◆ **Data for processing**:
:::::
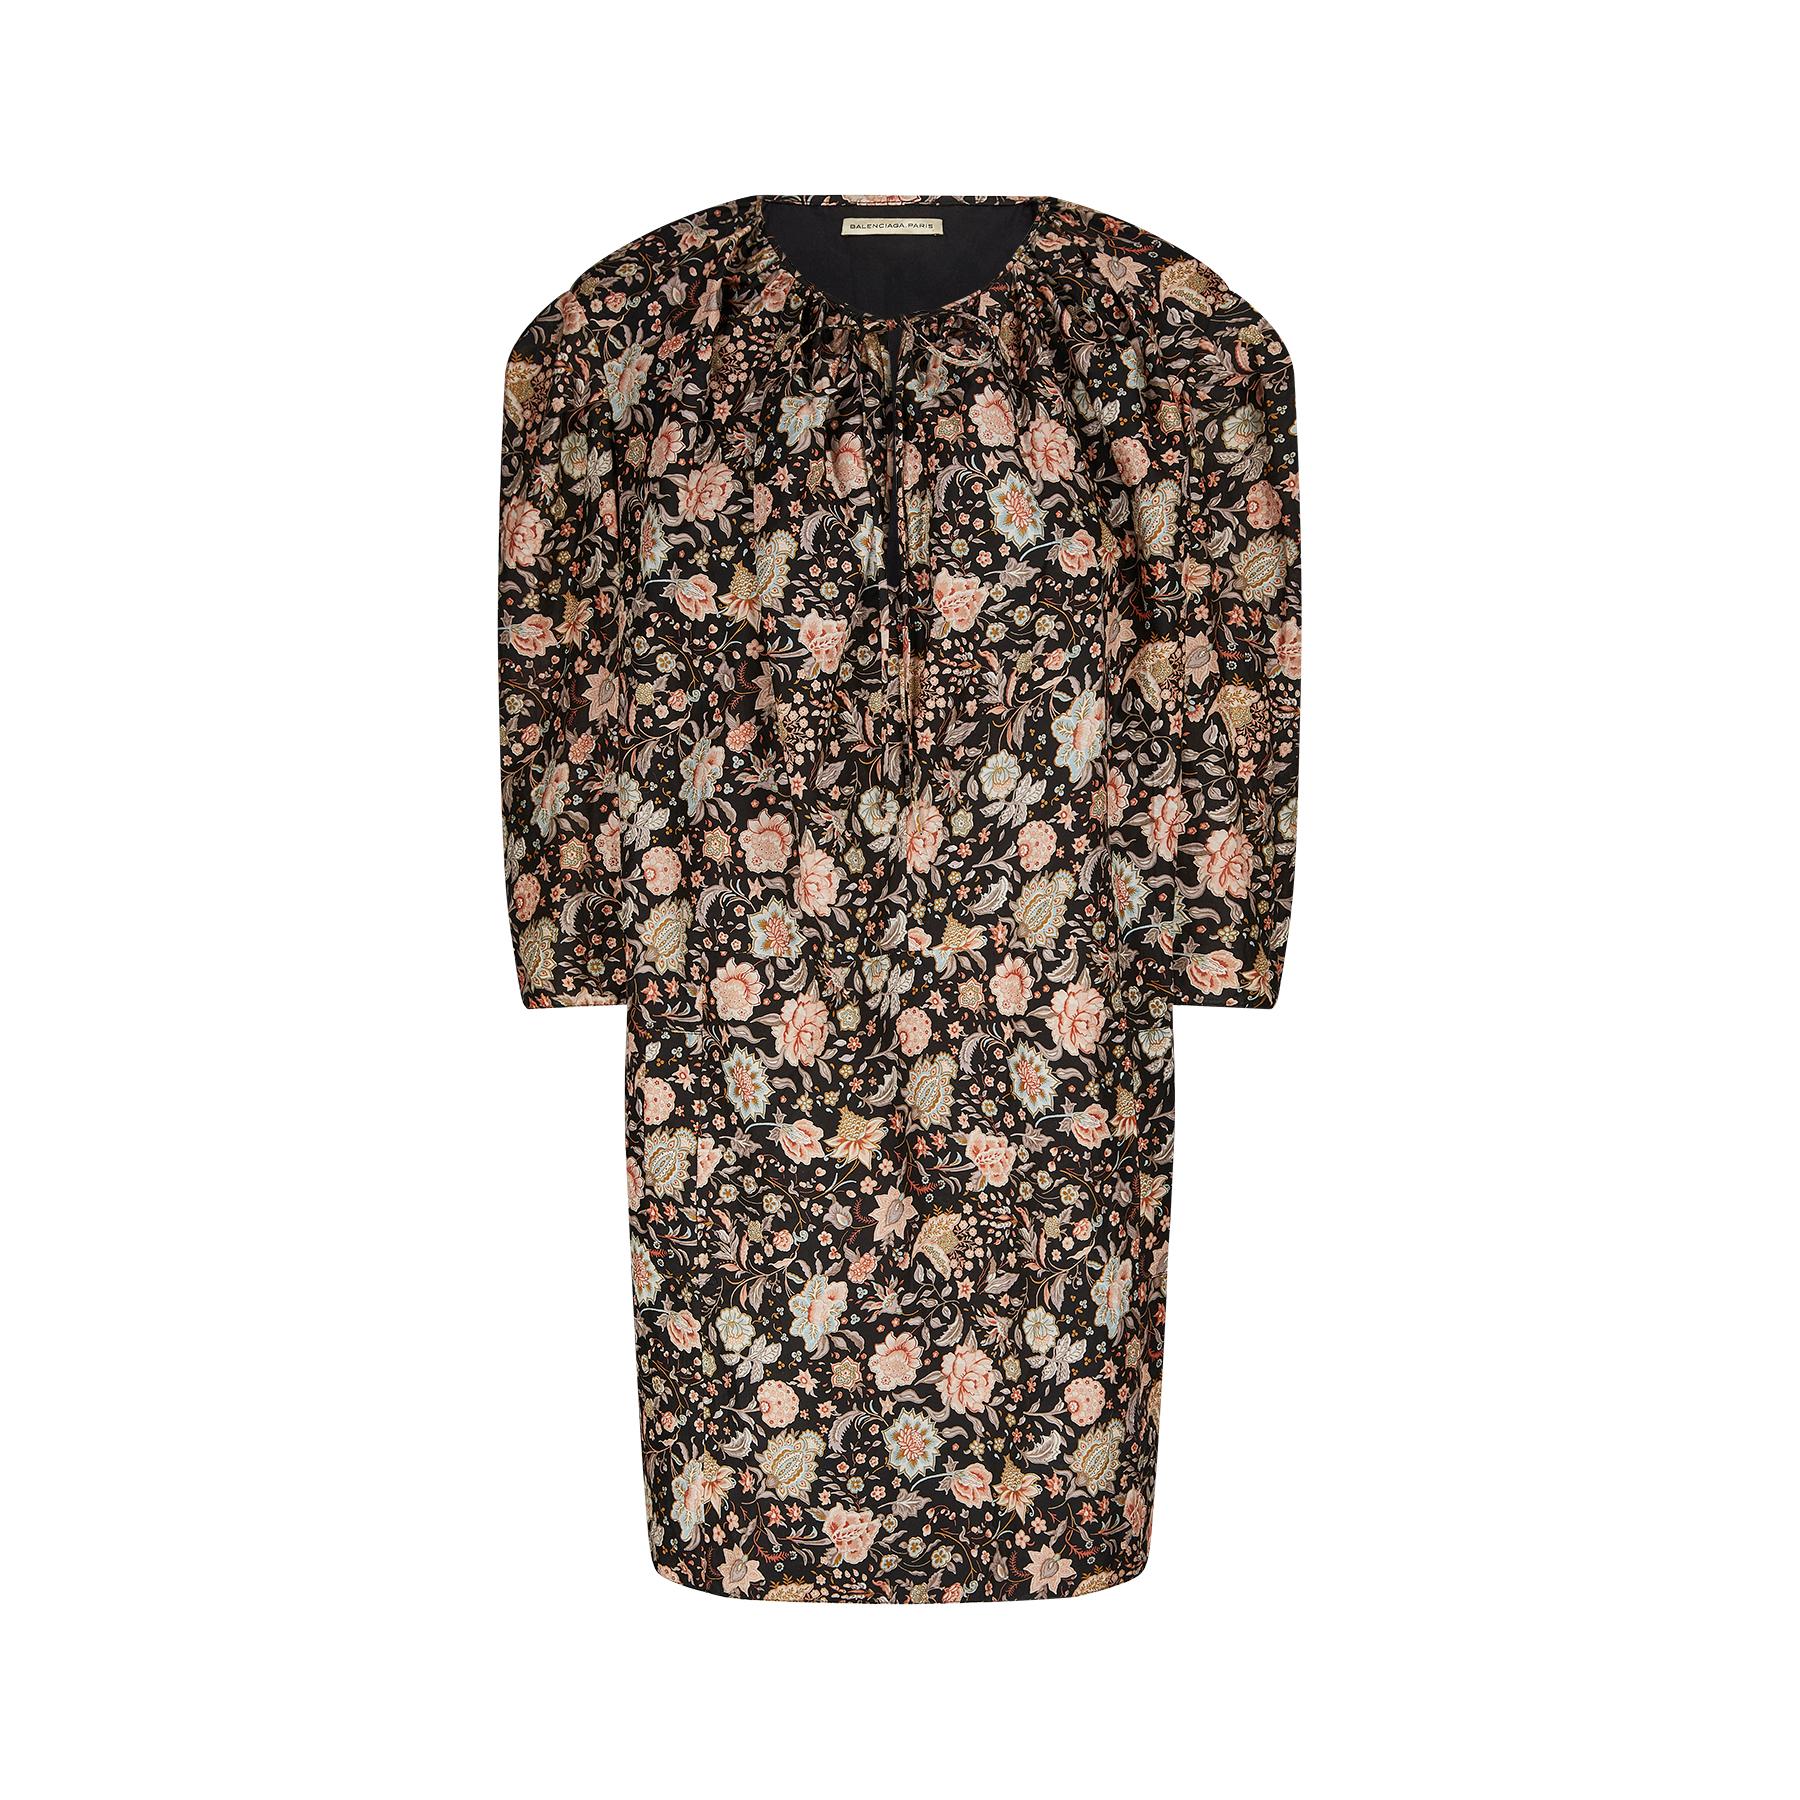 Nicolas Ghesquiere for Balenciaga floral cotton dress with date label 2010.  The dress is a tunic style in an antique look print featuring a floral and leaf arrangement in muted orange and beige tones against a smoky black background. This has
:::::
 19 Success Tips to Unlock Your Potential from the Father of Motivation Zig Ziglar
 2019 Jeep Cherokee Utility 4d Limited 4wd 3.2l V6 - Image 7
:::::
◆ **Required work**:
Among the lines above, find the one with "19 Success Tips" and the one with "2019 Jeep Cherokee". Quote both and everything between them, exactly.

◆ **Output for this exercise**:
 19 Success Tips to Unlock Your Potential from the Father of Motivation Zig Ziglar
 2019 Jeep Cherokee Utility 4d Limited 4wd 3.2l V6 - Image 7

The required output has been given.